Maintenance of property: landlord or tenant
- 3rd September 2008
- Property Tips
Who is responsible for repairs and maintenance of a rental property can sometimes be a tricky question. Read on for some tips.
Unless a tenancy has a fixed term of more than seven years the landlord is reponsible for the following repairs:
- the structure and exterior of the dwelling
- basins, sinks, baths and other sanitary installations
- heating and hot water installations
The landord is not generally responsible for repairs arising from damage caused by the tenant or anything the tenant has a right to take away.
For more general repairs, responsibility usually rests with the terms of the initial agreement so it is important to read this carefully before signing. However if the landlord is making repairs which he is obliged to do and spoils the internal decoration, the damage should be made good.

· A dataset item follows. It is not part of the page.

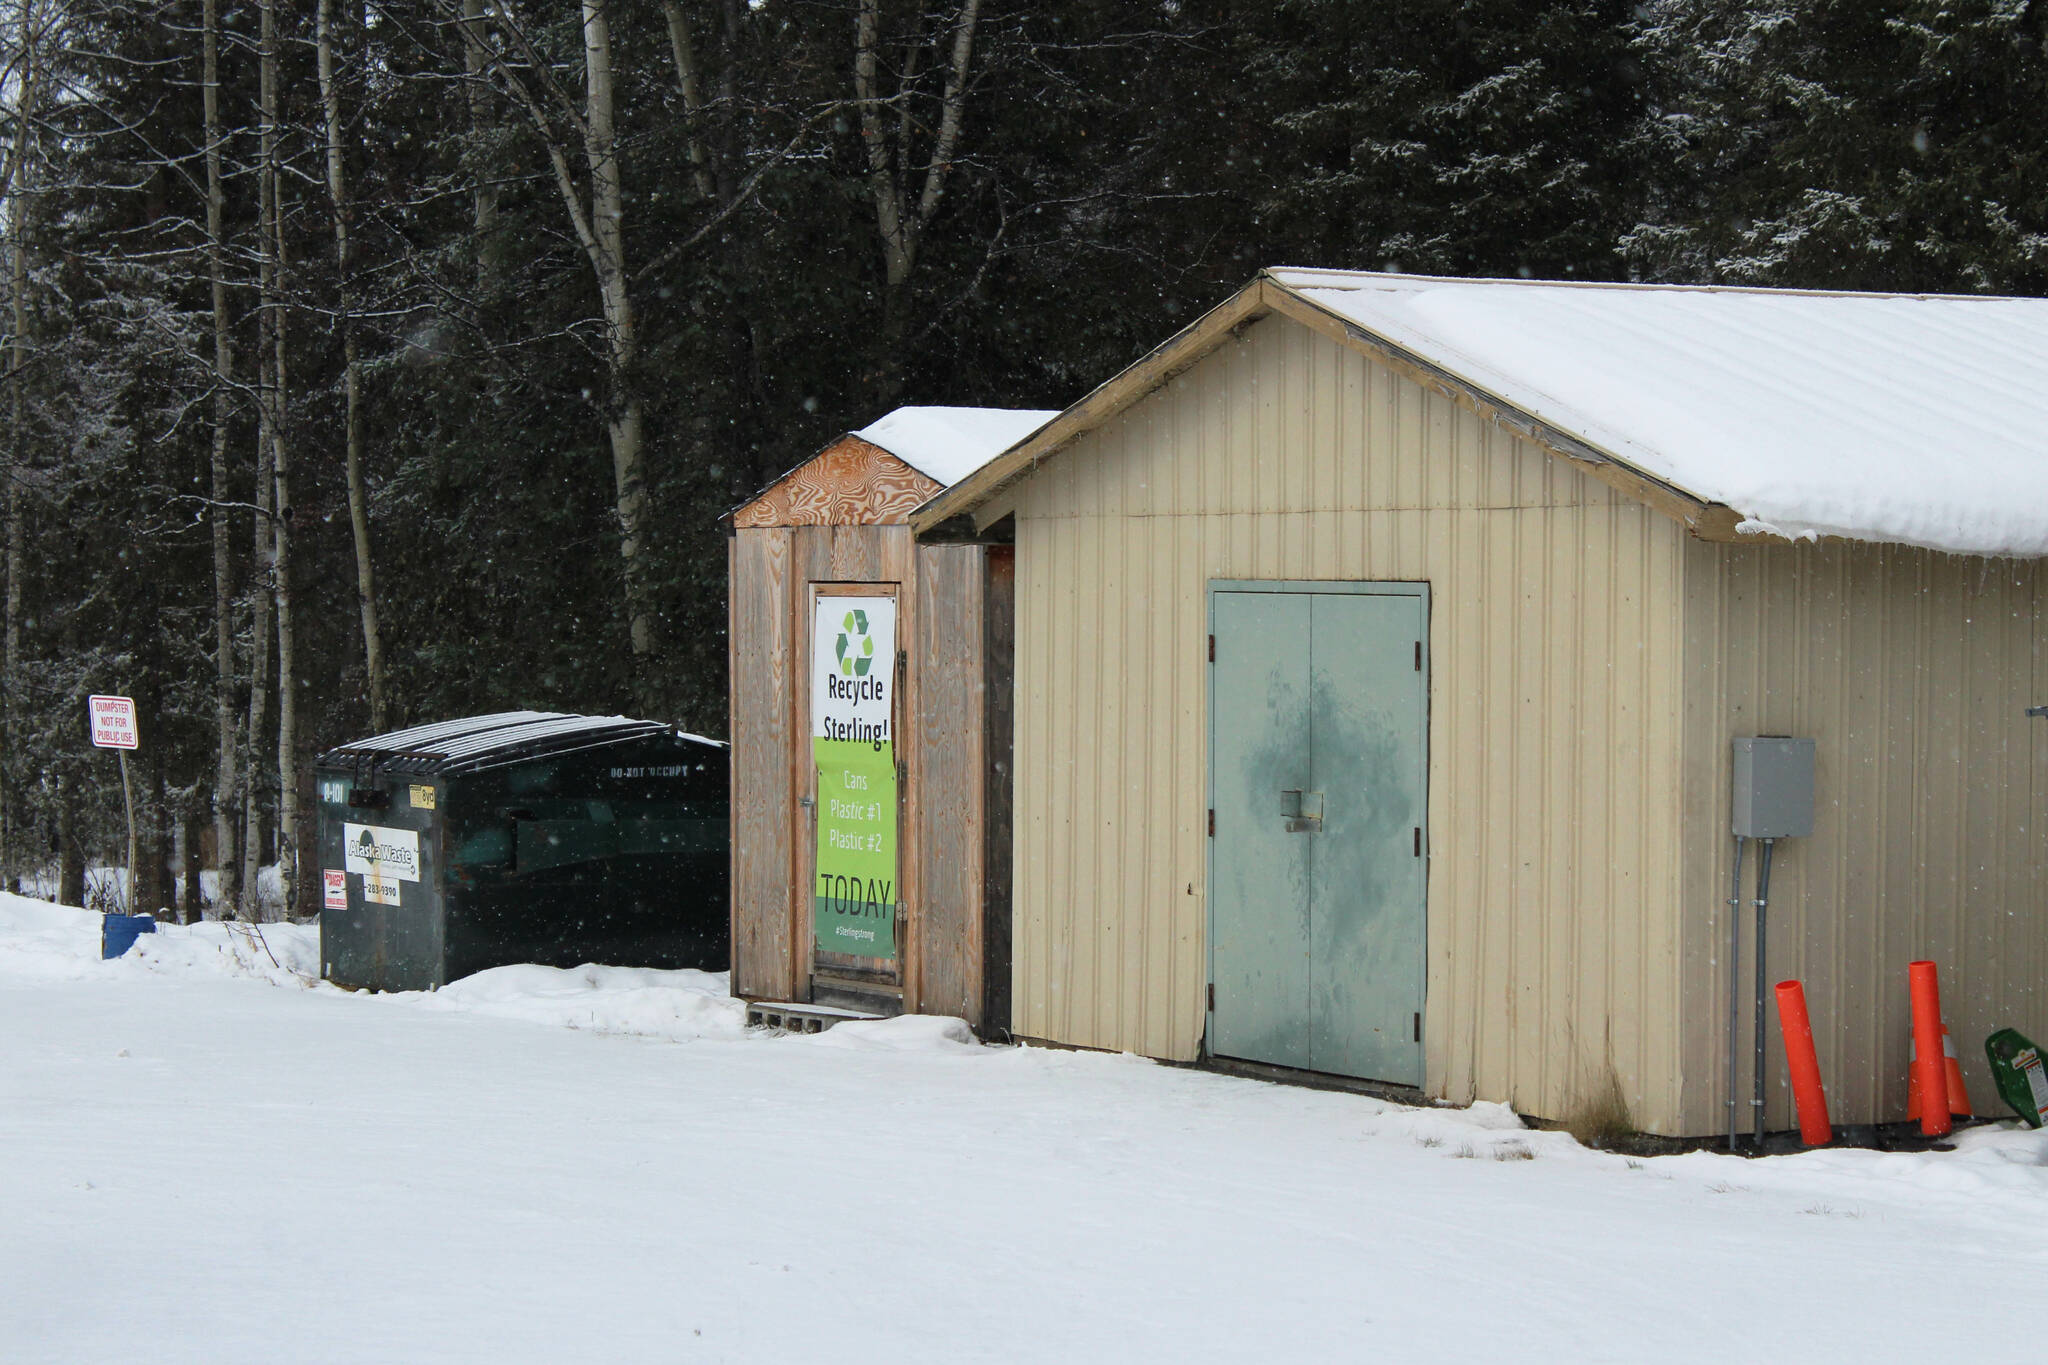 Snow falls on a recycling shed outside of Sterling Elementary School on Thursday, Nov. 10, 2022 in Sterling, Alaska. (Ashlyn O’Hara/Peninsula Clarion)

The landlord is responsible for checking all the utilities that service the property are safe:
- That all gas appliances are maintained in good order and that an annual safety check is carried out by a CORGI registered tradesman. The tenant is responsible for any gas appliances that he is entitled to take with him at the end of the letting
- The landlord should ensure that all fixed wiring and installation is safe when the tenancy begins and an inspection and testing is recommended at least every 10 years
- All electric appliances supplied should safe when first supplied and treat every new tenancy as supplying appliances for the first time
- The landlord must ensure that any furniture and furnishings supplied meet the Furniture and Furnishings Regulations. If unsure on this point the Trading Standards department of your local authority can help
The tenant does also have some responsibility for the property as there is a duty of care. For example if there is a risk of burst pipes if the tenant is going on holiday the water should be turned off. The landlord does have to right to seek possession if there has been damage to the property.
Generally the tenant only has to do repairs if the terms of the tenancy agreement say so. The tenant cannot be made to do the repairs for which the landlord is responsible.
In most cases there is no problem getting the landlord to do any required maintenance as it is in their interest to do so, however if the tenant does have a problem under no circumstances is it acceptable to withhold rent. This would always reflect badly on the tenant, the proper legal channels must always be adhered to.